## The problem
Restate the data below word for word, omitting pictures.

## Supplied material
──────────
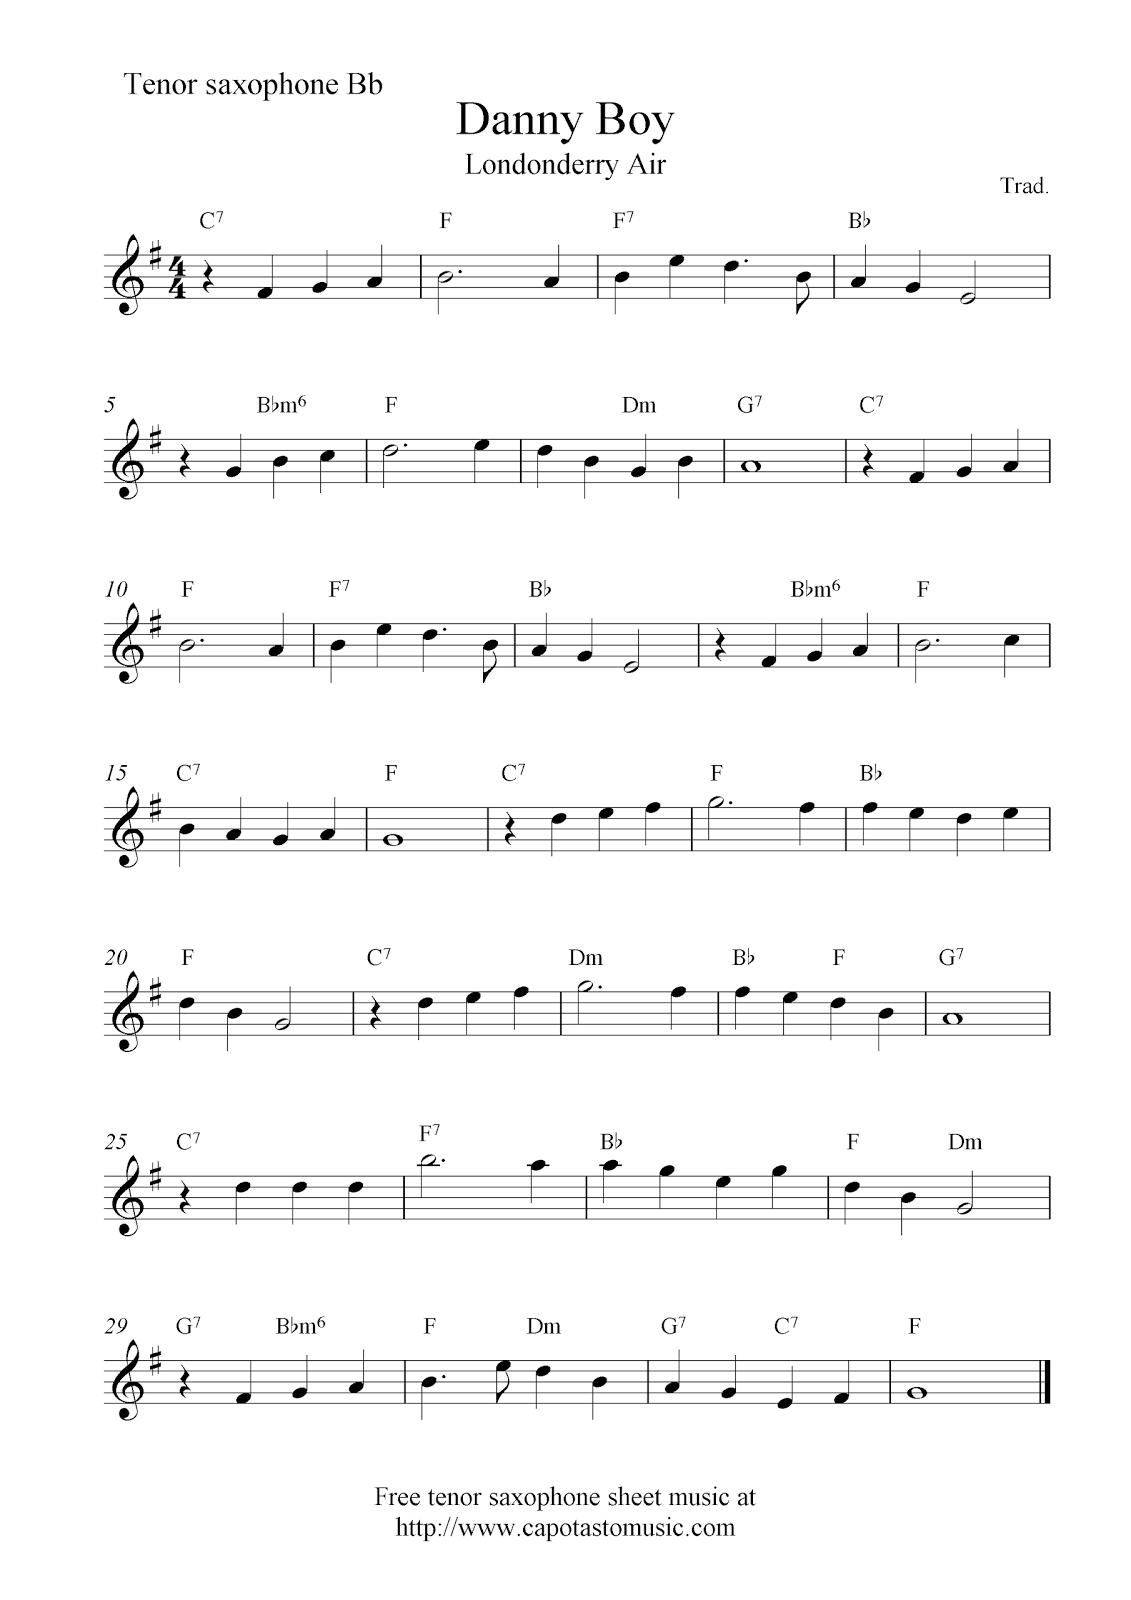 Danny Boy (Londonderry Air), free tenor saxophone sheet music notes
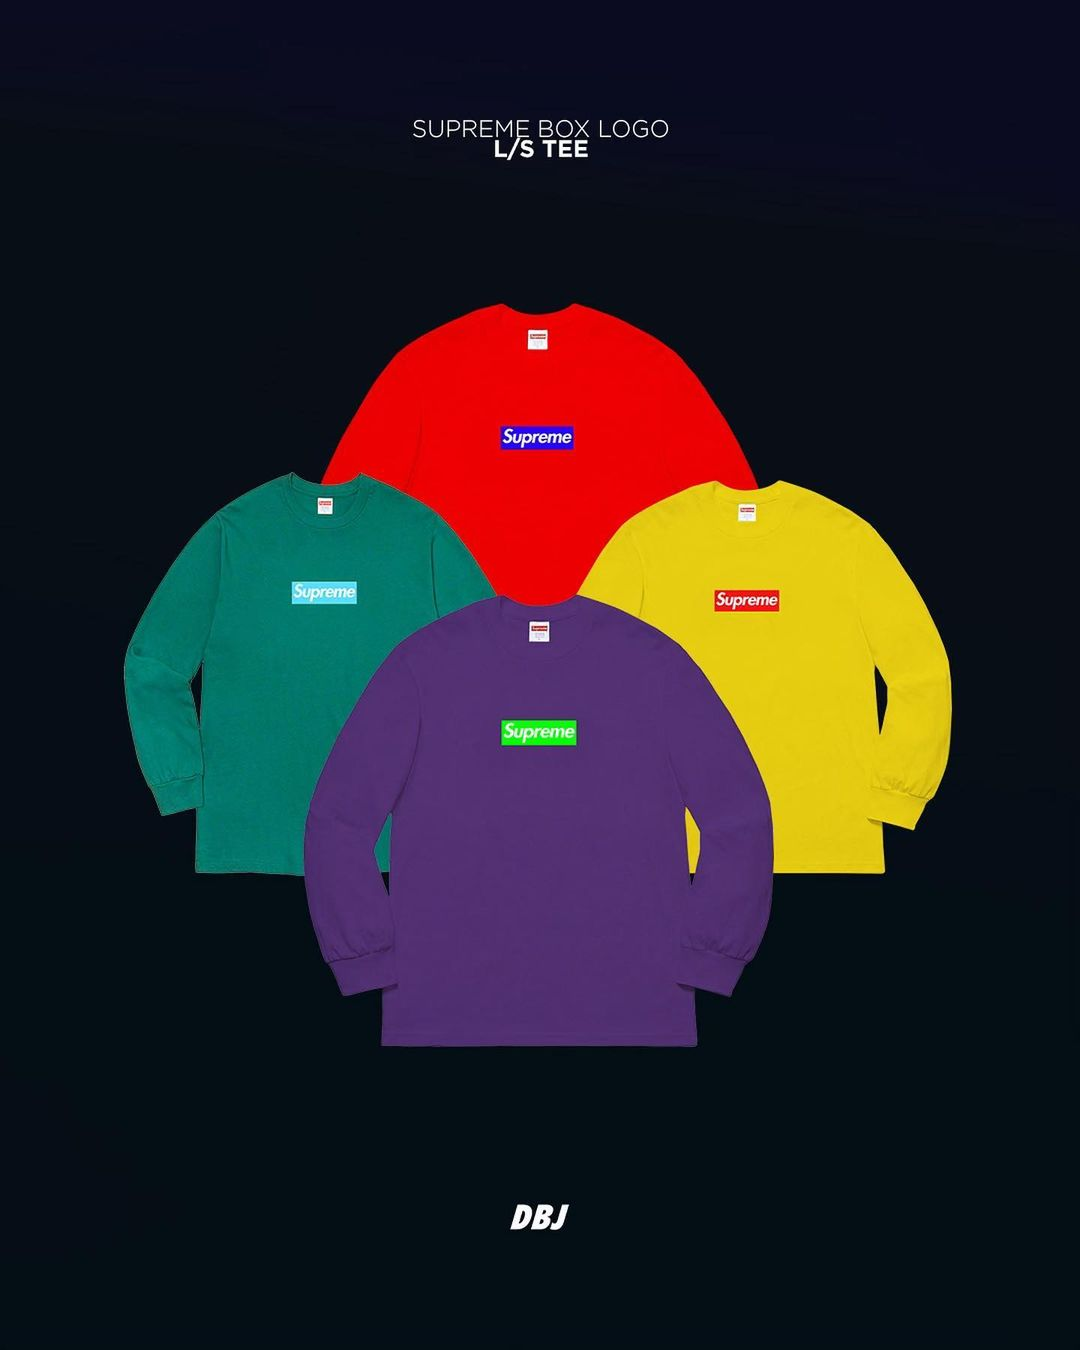 supreme-21aw-21fw-box-logo-tee-hooded-sweatshirt
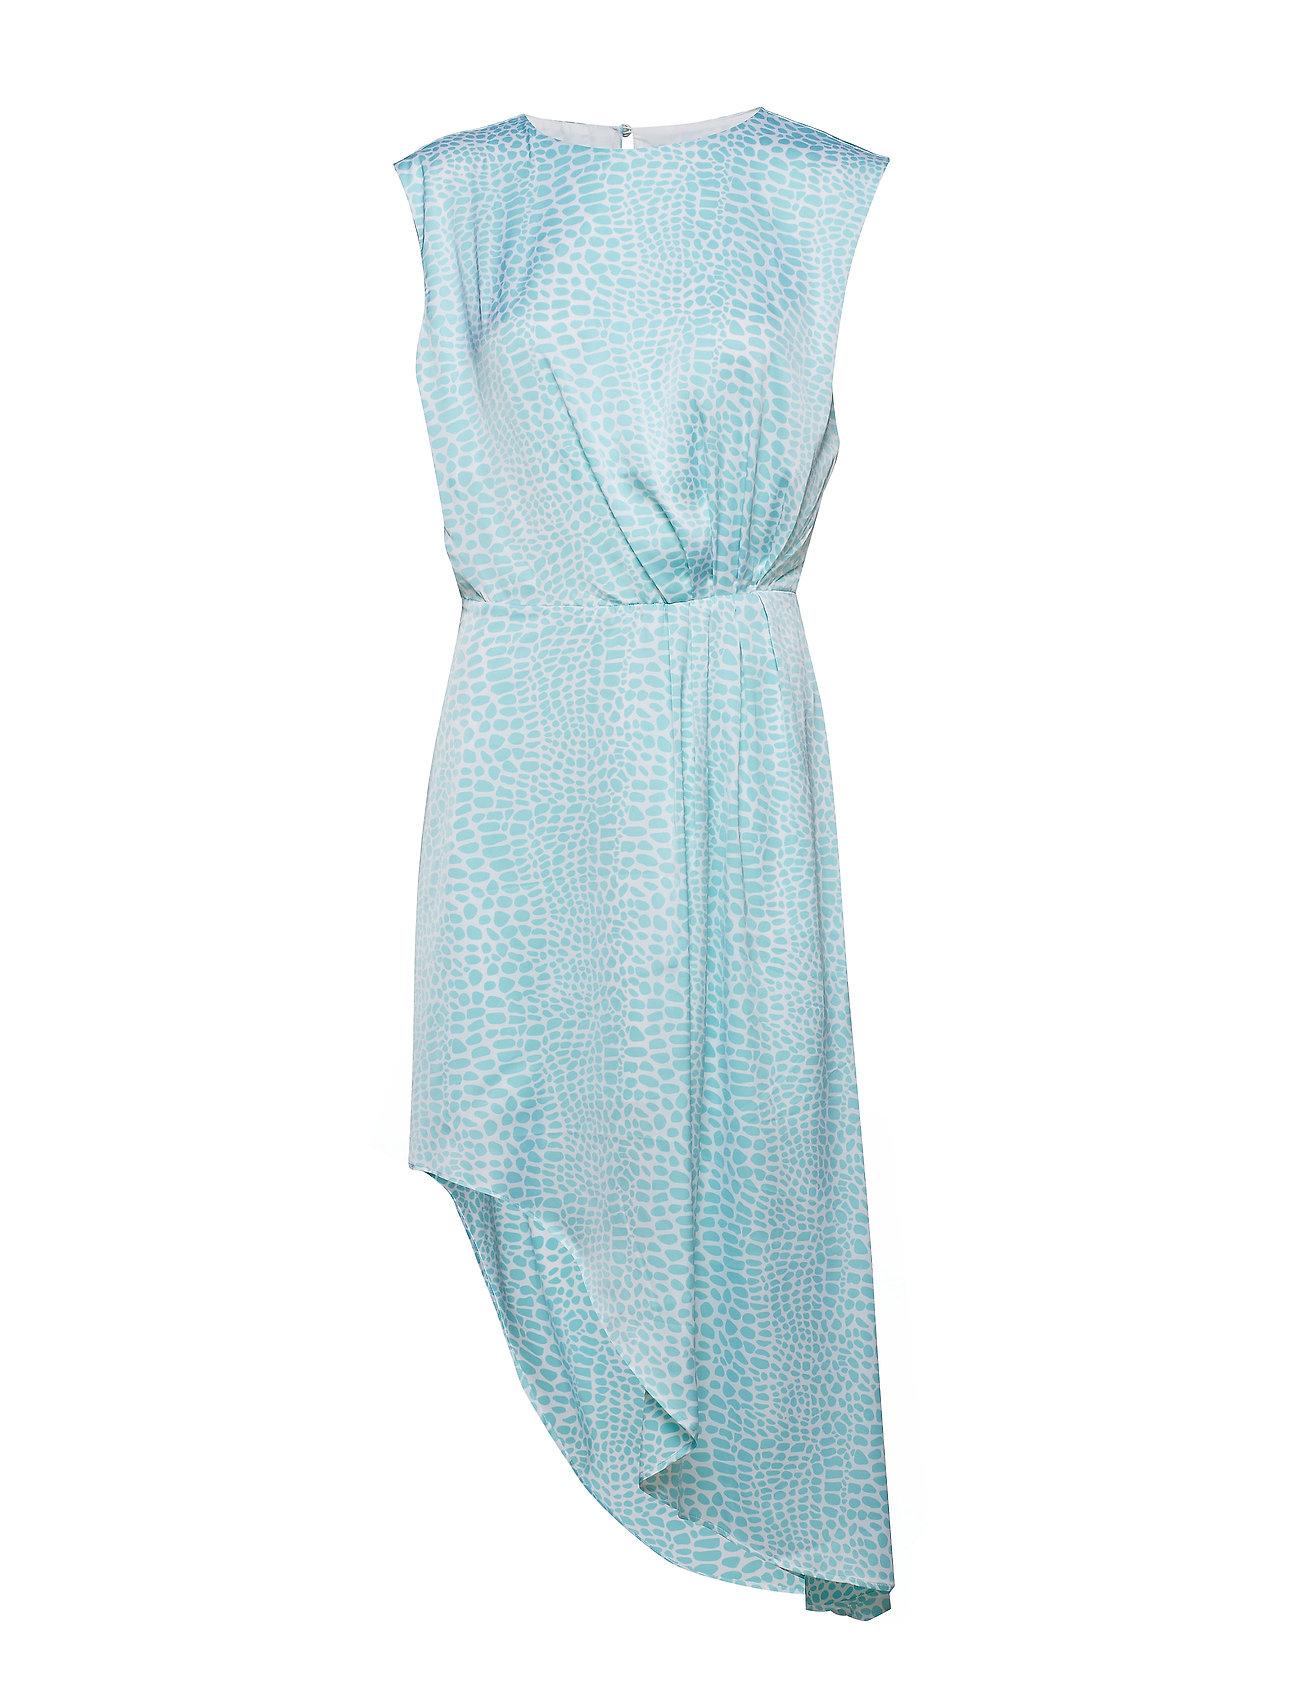 Ivyrevel Assymetric Dress - LIGHT BLUE CROCO PRINT
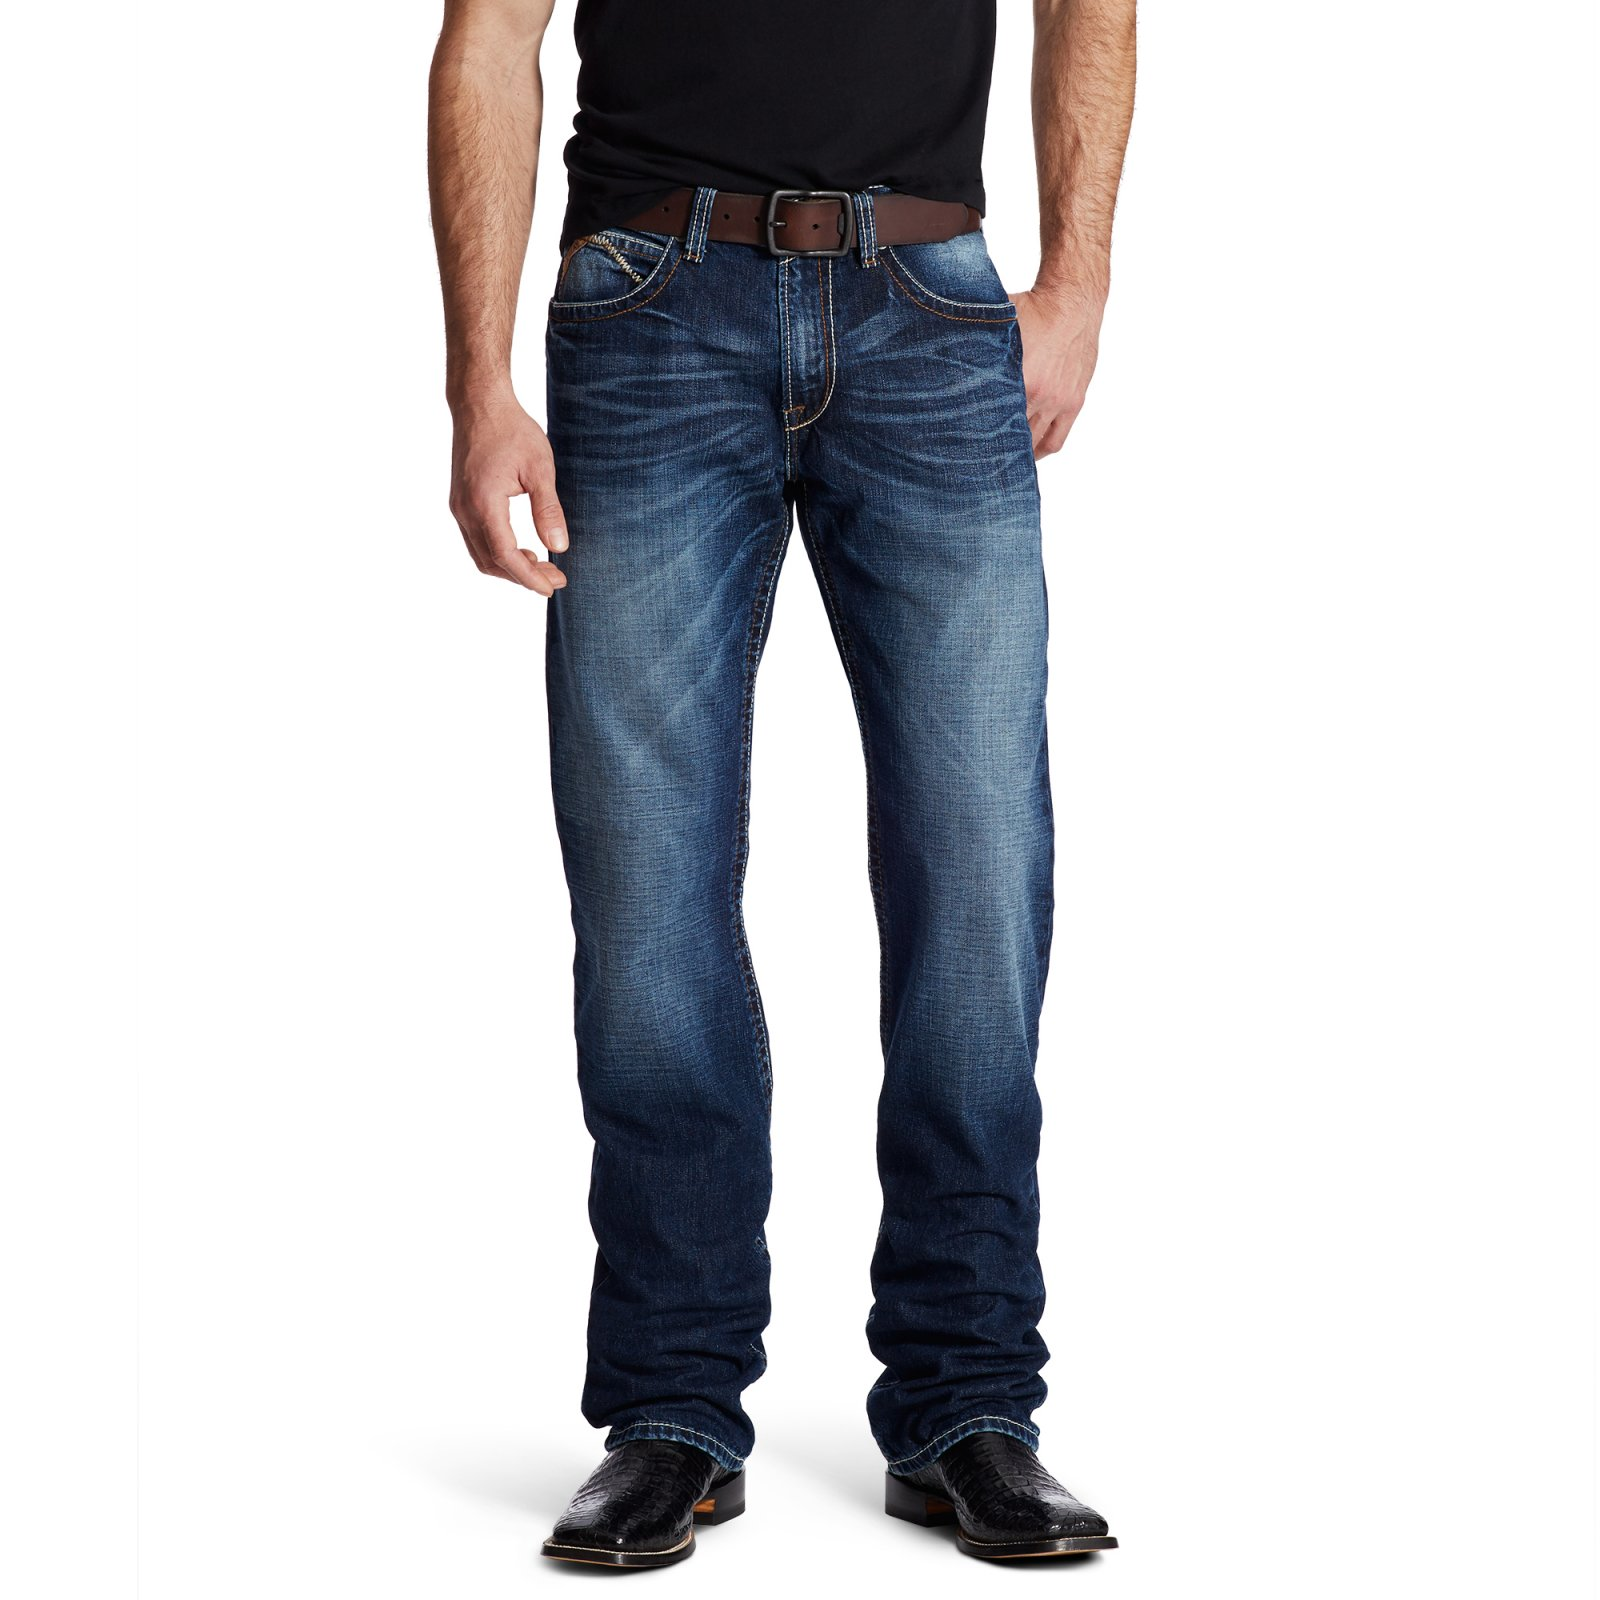 Men's M4 Austin Riverton Jean from Ariat
──────────
## Response box
 Danny Boy (Londonderry Air), free tenor saxophone sheet music notes
 supreme-21aw-21fw-box-logo-tee-hooded-sweatshirt
 Ivyrevel Assymetric Dress - LIGHT BLUE CROCO PRINT
 Men's M4 Austin Riverton Jean from Ariat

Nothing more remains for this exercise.